◆ Data excerpt:
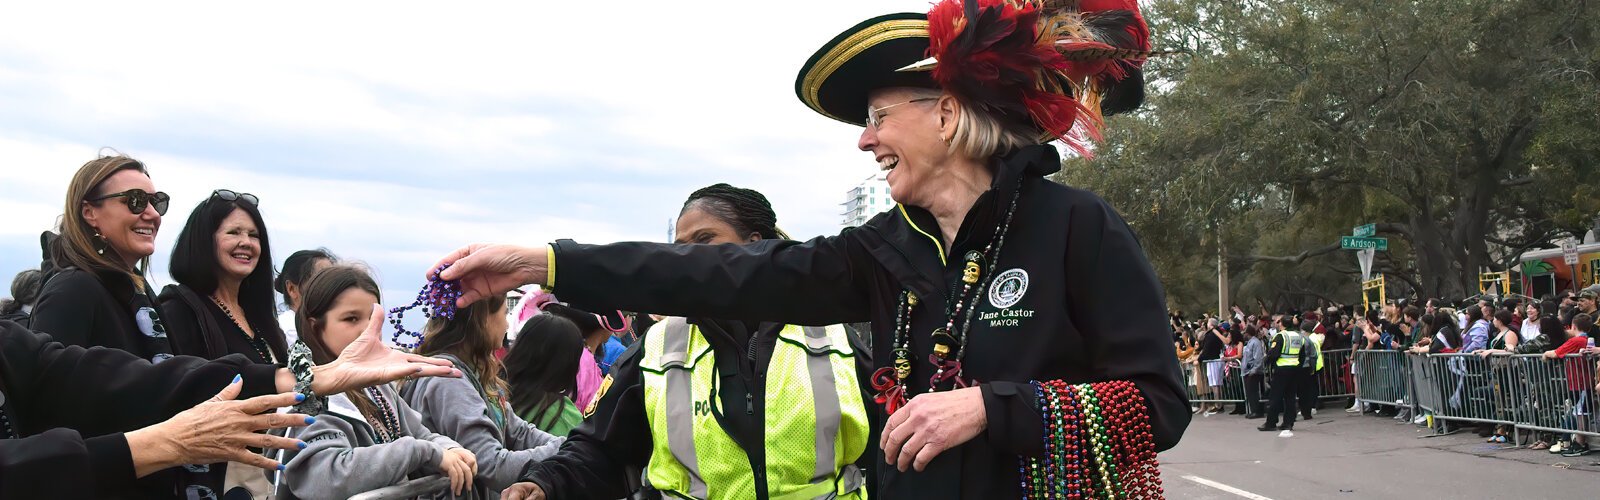 Tampa Mayor Jane Castor hands out beads during the Gasparilla parade of January 28. Earlier, she had relinquished the key of the city to Ye Mystic Krewe of Gasparilla, the invading pirates.
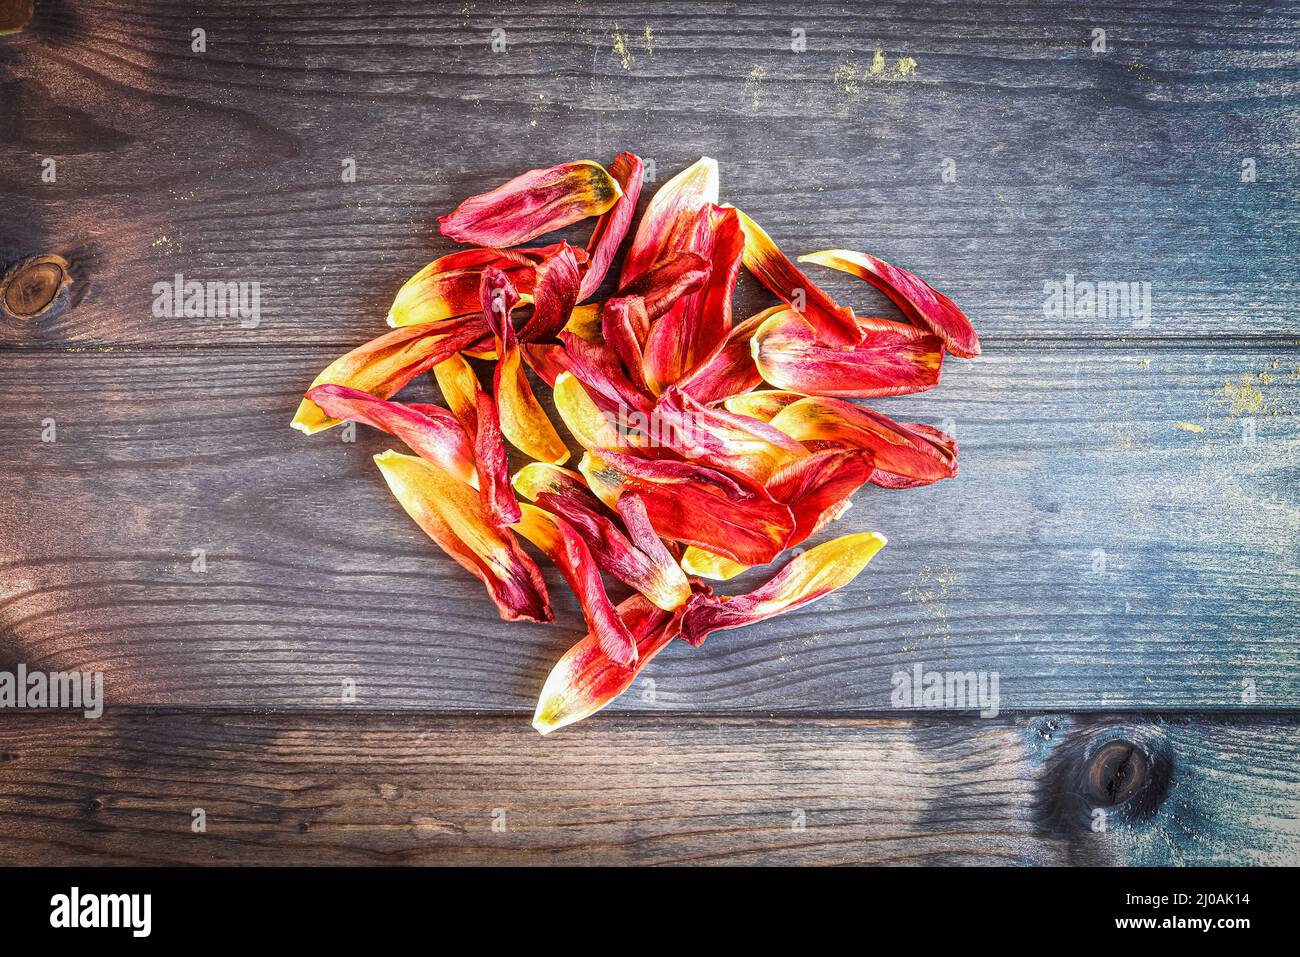 A bunch of tulip petals on a wooden surface, floral background. Stock Photo
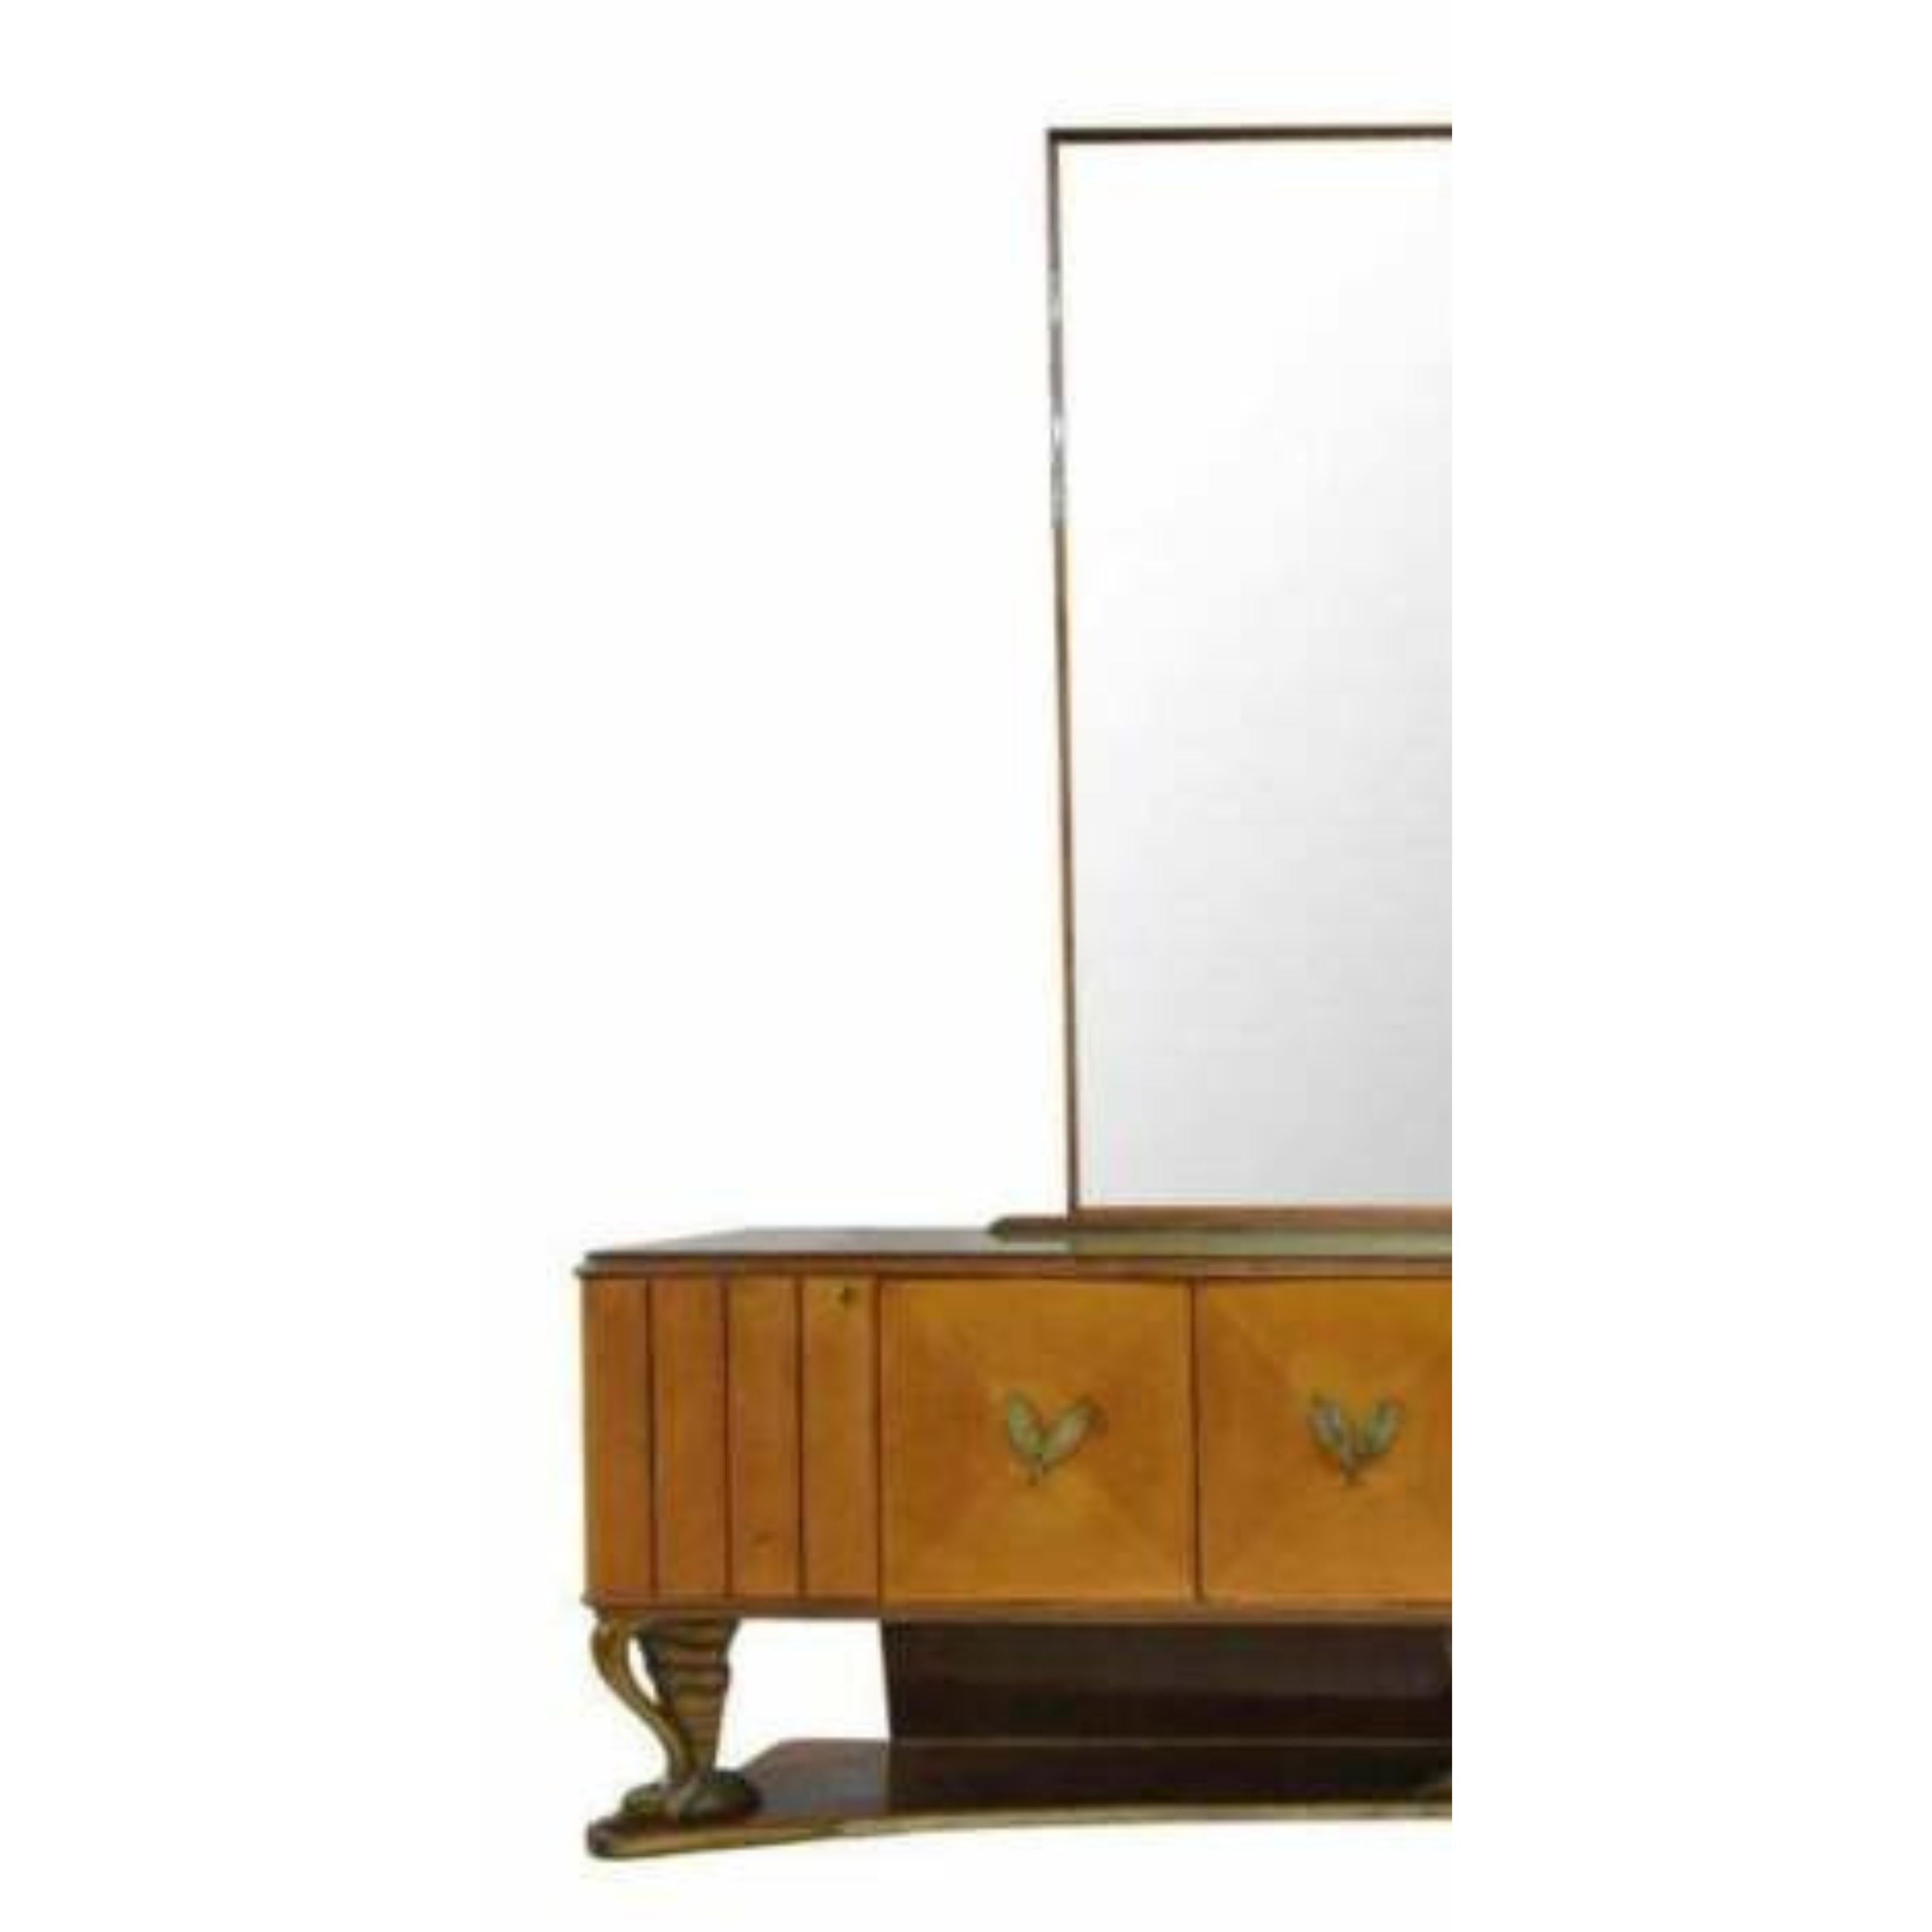 Gorgeous Sideboard, Dining, Massive with Mirror Italian Mid Century Modern, Vintage!!

Monumental Italian mid-century modern mirrored sideboard, in the manner of Vittorio Dassi (Italian, 1893-1973), c.1950s, framed flat mirror plate with etched

◆ Task description: Every line above should be copied exactly, apart from any pictures.

◆ Output below:
 Tampa Mayor Jane Castor hands out beads during the Gasparilla parade of January 28. Earlier, she had relinquished the key of the city to Ye Mystic Krewe of Gasparilla, the invading pirates.
 A bunch of tulip petals on a wooden surface, floral background. Stock Photo
 Gorgeous Sideboard, Dining, Massive with Mirror Italian Mid Century Modern, Vintage!!

Monumental Italian mid-century modern mirrored sideboard, in the manner of Vittorio Dassi (Italian, 1893-1973), c.1950s, framed flat mirror plate with etched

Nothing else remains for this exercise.